Figure 2. (a) Distribution of experiments by experimenter group (%). (b) Distribution of experiments with new crops by experimenter group (%).

Although some agricultural intervention projects in the study area promoted the growth of specific legume crops, the popularity of legumes among farmer innovators should not be dismissed as a byproduct of these programs. Of the experimental crops that farmers had tried in 2012–2013, 94% were leguminous, and of the experimental varieties that farmers had tried in 2012–2013, 57.1% were leguminous. In addition to the descriptive statistics, the in-depth farmer interviews provide insight into the types of experiments farmers were trying. The quotations provided in Table 2 are representative of the experimentation themes that were created based on survey and interview responses, and demonstrate the wide variety of experiments that farmers were conducting during the 2012–2013 season (responses are marked with household identification numbers).

Table 2. Examples of farmers’ experiments from interviews.

*A specific plant and seed spacing for maize, where one seed is planted per planting station, and one planting station is placed per foot.

Gender, experimentation and household decision-making

The Chi-square tests revealed that the experimenter's gender did not have a statistically significant effect on the types of crops/varieties that were planted experimentally, or on the type of experimental technique that was attempted (Crops: χ2 (9, n = 194) = 7.37, p > 0.05; Varieties: χ2 (3, n = 226) = 0.81, p > 0.05; Technologies: χ2 (22, n = 152) = 31.21, p > 0.05. Despite the non-significant p-value of the Chi-square test, there are several important trends that emerged in the analysis (Table 3). Most experimental legume crops and varieties grown in the 2012–2013 season were planted and managed by both spouses together (45.6% of experiments with new crops were planted by both spouses; 55% of experiments with new varieties were planted and managed by both spouses). In instances where only one person reported planting an experimental legume crop, however, women planted over twice as many unfamiliar legume crops as men (36.3% compared to 17.6% planted by men). Similarly, women planted over four times as many experimental legume varieties as men (35.7% by women compared to 8.5% by men). In general, experiments with crops, varieties and technologies that were conducted by only one person were twice as likely to be led by individual women as men.

Table 3. Types of experiments, by gender.

*Represents laborer for whom no gender information was known (e.g., child).

Motivations and decision-making processes

During the in-depth interviews, farmers spoke of proactive experimentation 162 times, reactive experimentation 65 times and external experiments 77 times. It was not uncommon, however, for farmers to attribute experimentation to a combination of motivators. Table 4 draws upon farmer quotes to provide examples of experiments in all three motivation categories, as well as experiments that were driven by multiple motivations.

Table 4. Farmers’ motivations for experimentation.

During the interview process, farmers explained that their experiments with maize varieties were driven by reaction to changes in rainfall patterns more than any other motivator. These findings are compounded when compared with the survey data, where 86.1% of farmers said they had noticed changes in the rains over the last 20 years, and out of those farmers, 67.2% reported that the changes they noticed included less rain, erratic rainfall and a tendency for the rains to stop before the crops had matured. These results indicate that farmers are not only noticing the effects of climate change, but they are actively experimenting with maize varieties and new techniques in an effort to adapt to undesirable environmental changes. In addition to climate change, farmers cited their landholdings (or the number of fields held by a farmer) as a factor that affected their decision-making processes during an experiment. Many farmers shared the opinion that initiating a new experiment – or scaling out a successful experiment – required extra space, which often meant renting additional land.

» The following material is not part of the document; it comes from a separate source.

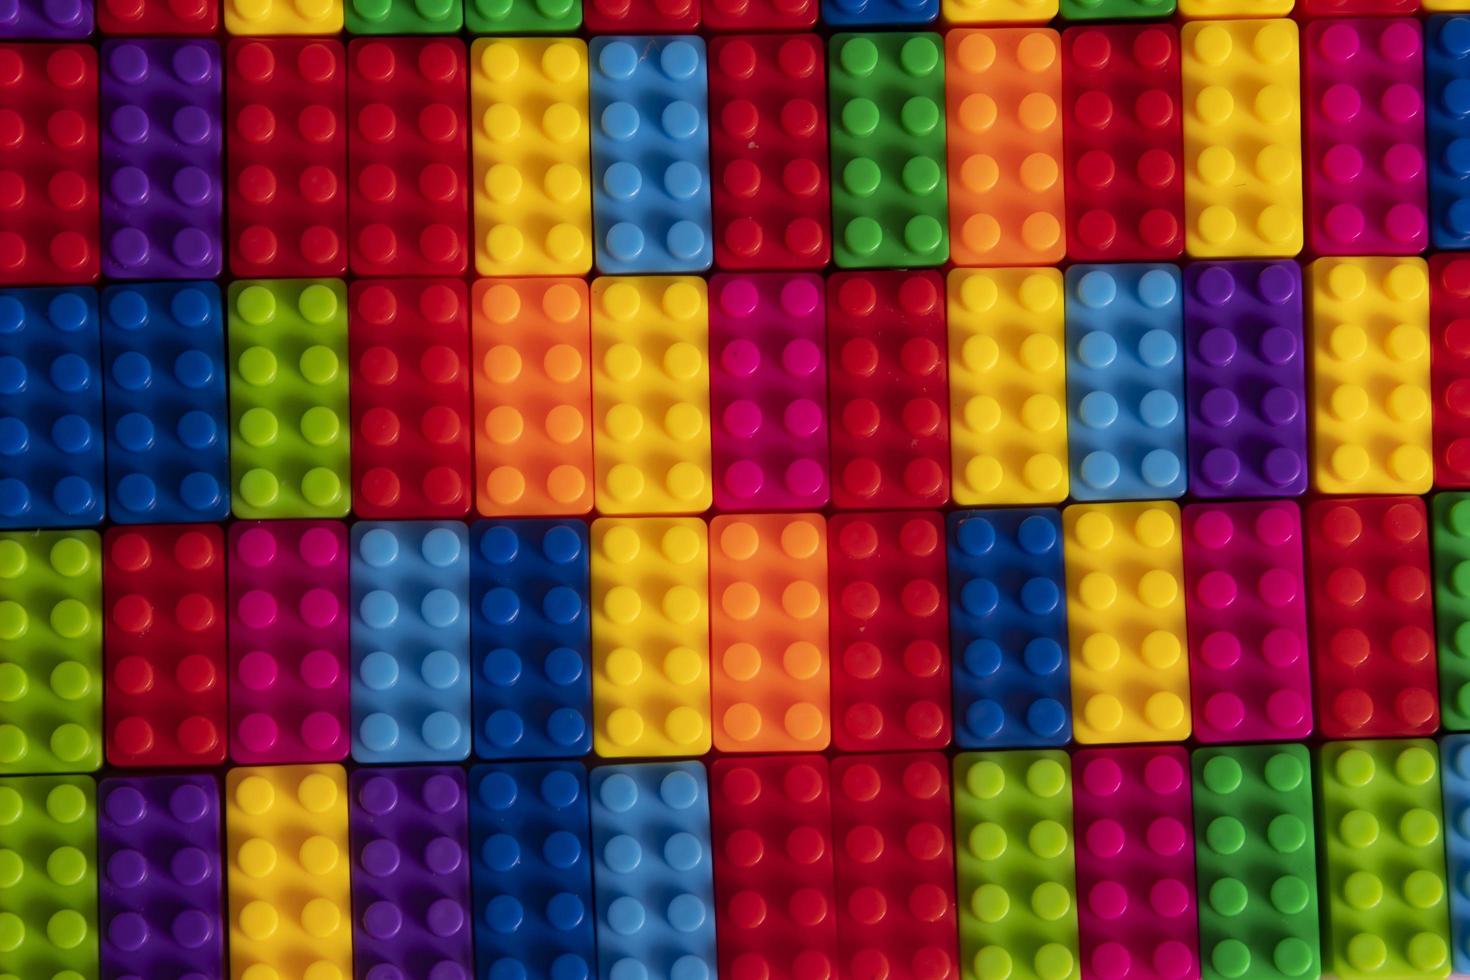 motifs de blocs de construction en plastique colorés isolés. jouet pour enfants photo
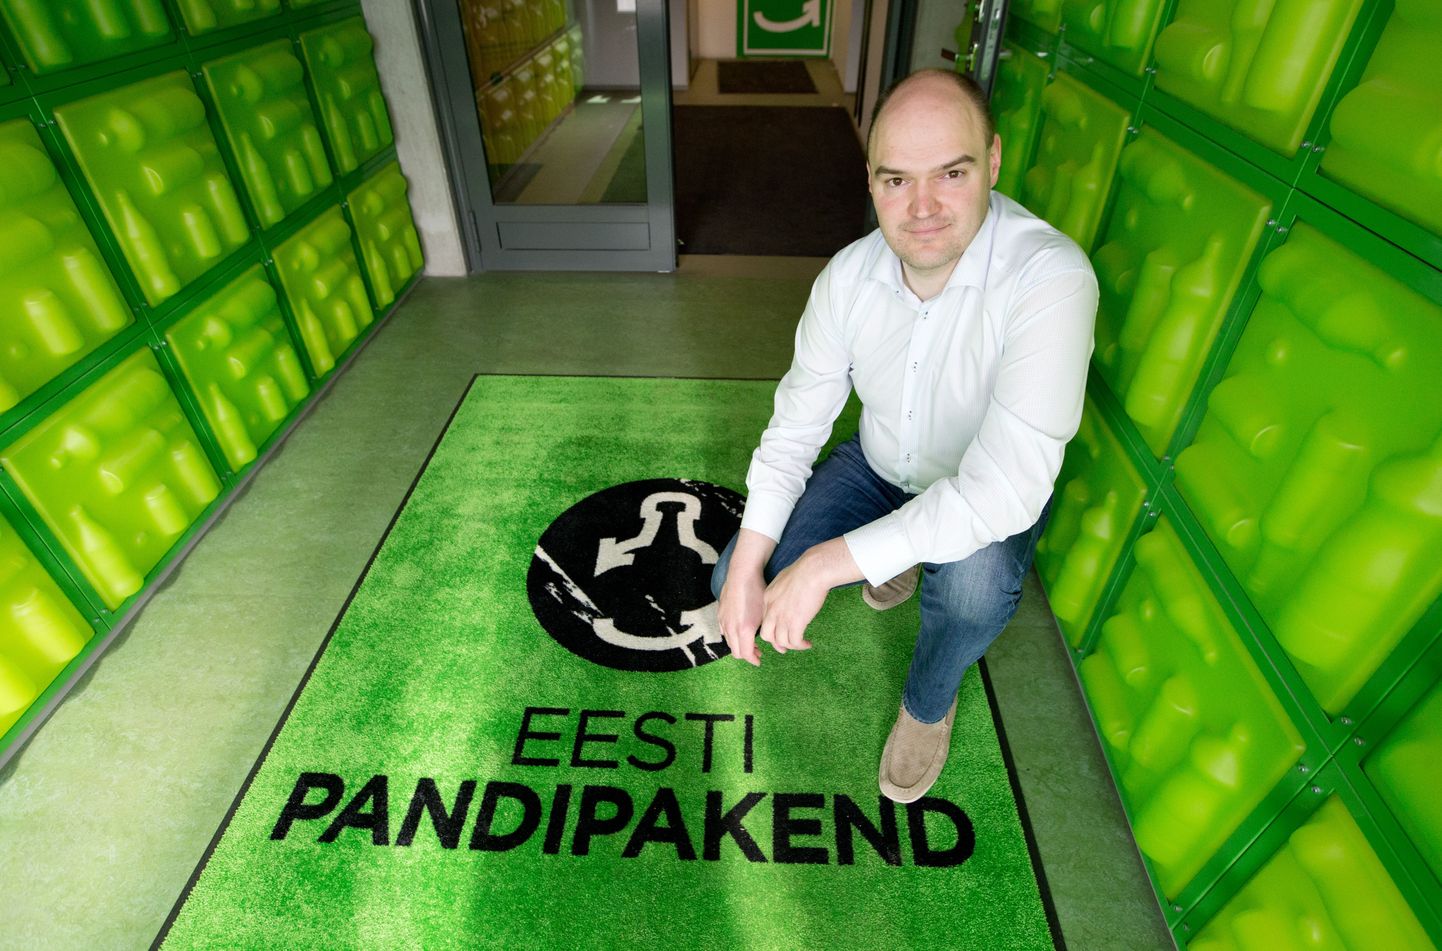 Pildil on Eesti Pandipakend juht Rauno Raal.

Perceptions of success and failure

At the conclusion of an experiment, farmers undergo a decision-making process to determine whether they will repeat, adjust and repeat (i.e., scale out, scale back or make a change), or abandon their original experiment. Regarding farmers’ assessment criteria, interview respondents defined an experiment as a success if the experimenter gained something from it, such as food, income, knowledge, etc. Quotations that illustrate farmers’ perspectives on success and failure are presented below (interviewer questions are marked as ‘INT’, and responses are marked with household identifications numbers):

  • 4104: I saw that the maize yielded well, unlike just planting without using anything. Planting without anything, you get nothing. But planting with manure, at least you get something.

  • INT: So do you think that this was a successful experiment that you tried?

  • 4104: Yes, it's a good technique because if you don't have enough money to buy fertilizer, you can just use manure.

  • INT: So do you think that that new spacing was a successful experiment. . .?

  • 4110: Yes.

  • INT: And why do you think so?

  • 4110: Because previously, we were just planting plants one here, the other one over there [with larger spaces between plants], without following any strategy. Instead of planting many seeds in a row, we were only planting a few seeds per row. Where before we were planting 3 seeds, now we're planting 6, and now we're harvesting more.

Farmers described a failed experiment as one that did not meet their expectations or desired outcomes:

  • 1105: It has proved to be a failure because I've tried it twice [without harvesting anything].

  • 3205: For the pigeon pea, we just planted it, and now the goats are eating it. So we haven't seen any benefits from it.

Farmers consistently associated successful experiments with feelings of happiness or satisfaction, but they did not always equate failed experiments with dissatisfaction. On the contrary, it was common for an innovator to be satisfied with the outcomes of a failed experiment if they felt that they had learned something in the process, or that the experiment's failure could be attributed to another factor beyond the experimental crop or technique, itself (e.g., weather, personal health, etc.):

  • 3126: No. Since the beginning we got nothing.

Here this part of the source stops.